**1. Intro to RL**

Lecture: RL problems around us. Markov decision process. Simple solutions through combinatoric optimization.

Seminar: Frozenlake with genetic algorithms

**2. Crossentropy method and monte-carlo algorithms**

Lecture: Crossentropy method in general and for RL. Extension to continuous state & action space. Limitations.

Seminar: Tabular CEM for Taxi-v0, deep CEM for box2d environments.

**3. Temporal Difference**

Lecture: Discounted reward MDP. Value iteration. Q-learning. Temporal difference Vs Monte-Carlo.

Seminar: Tabular q-learning

**4. Value-based algorithms**

Lecture: SARSA. Off-policy Vs on-policy algorithms. N-step algorithms. Eligibility traces.

Seminar: Qlearning Vs SARSA Vs expected value sarsa in the wild

**5. Deep learning recap**

Lecture: deep learning, convolutional nets, batchnorm, dropout, data augmentation and all that stuff.

Seminar: Theano/Lasagne on mnist, simple deep q-learning with CartPole (TF version contrib is welcome)

**6. Approximate reinforcement learning**

Lecture: Infinite/continuous state space. Value function approximation. Convergence conditions. Multiple agents trick.

Seminar: Approximate Q-learning with experience replay. (CartPole, Acrobot, Doom)

**7. Deep reinforcement learning**

Lecture: Deep Q-learning/sarsa/whatever. Heuristics & motivation behind them: experience replay, target networks, double/dueling/bootstrap DQN, etc.

Seminar: DQN on atari

**8. Policy gradient methods**

Lecture: Motivation for policy-based, policy gradient, logderivative trick, REINFORCE/crossentropy method, variance theorem(advantage), advantage actor-critic (incl.n-step advantage)

Seminar: REINFORCE manually, advantage actor-critic for MountainCar - week6/README.md

**9. RNN recap**

Lecture: recurrent neura networks for sequences.

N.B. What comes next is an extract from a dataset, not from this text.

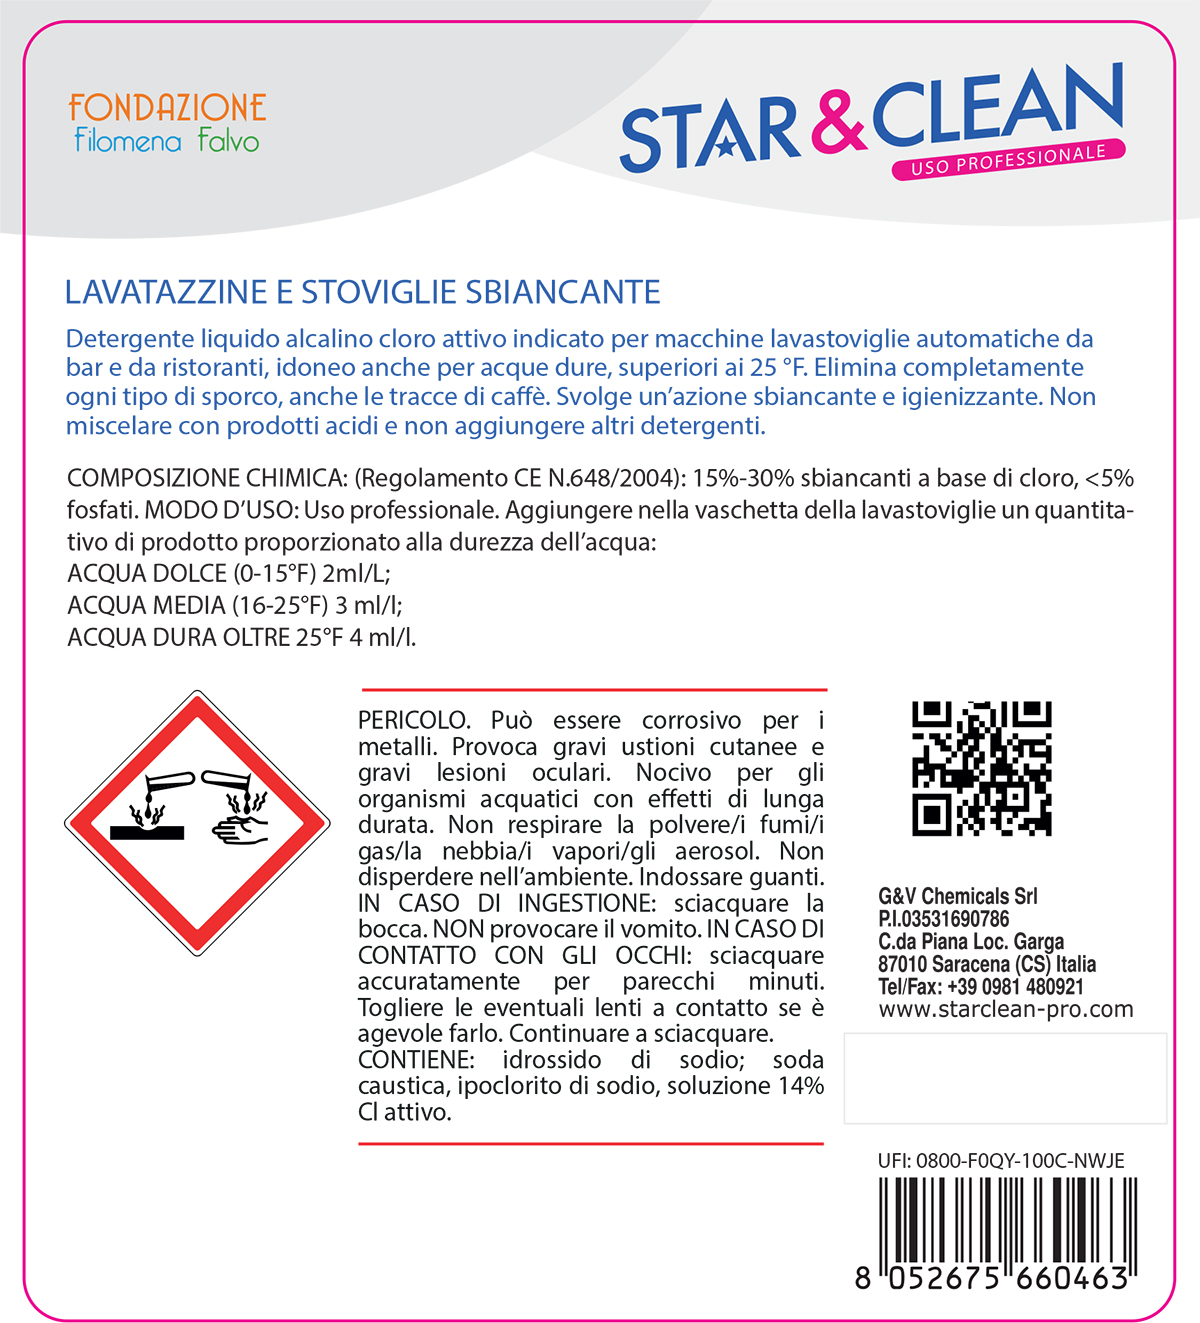 STAR CLEAN 129 - LAVATAZZINE E STOVIGLIE SBIANCANTE

GRU/LSTM. Gradient clipping. Seq2seq

Seminar: char-rnn and simple seq2seq

**10. Partially observable MDPs**

Lecture: POMDP intro. Model-based solvers. RNN solvers. RNN tricks: attention, problems with normalization methods, pre-training.

Seminar: Deep kung-fu & doom with recurrent A3C and DRQN

**11. Case studies 1**

Lecture: Reinforcement Learning as a general way to optimize non-differentiable loss. Seq2seq tasks: g2p, machine translation, conversation models, image captioning.

Seminar: Simple neural machine translation with self-critical policy gradient

**12. Advanced exploration methods**

Lecture1: Improved exploration methods for bandits. UCB, Thompson Sampling, bayesian approach.

Lecture2: Augmented rewards. Density-based models, UNREAL, variational information maximizing exploration, bayesian optimization with BNNs.

Seminar: bayesian exploration for contextual bandits

**13. Trust Region Policy Optimization.**

Lecture: Trust region policy optimization in detail. NPO/TRPO.

Seminar: approximate TRPO vs approximate Q-learning for gym box2d envs (robotics-themed).

**14. RL in Large/Continuous action spaces.**

Lecture: Continuous action space MDPs. Value-based approach (NAF). Special case algorithms (dpg, svg). Case study:finance. Large discrete action space problem. Action embedding.

Seminar: Classic Control and BipedalWalker with ddpg Vs qNAF. https://gym.openai.com/envs/BipedalWalker-v2 . Financial bot as bonus track.

**15. Advanced RL topics**

Lecture 1: Hierarchical MDP. MDP Vs real world. Sparse and delayed rewards. When Q-learning fails. Hierarchical MDP. Hierarchy as temporal abstraction. MDP with symbolic reasoning.

Lecture 2: Knowledge Transfer in RL & Inverse Reinforcement Learning: basics; personalized medical treatment; robotics.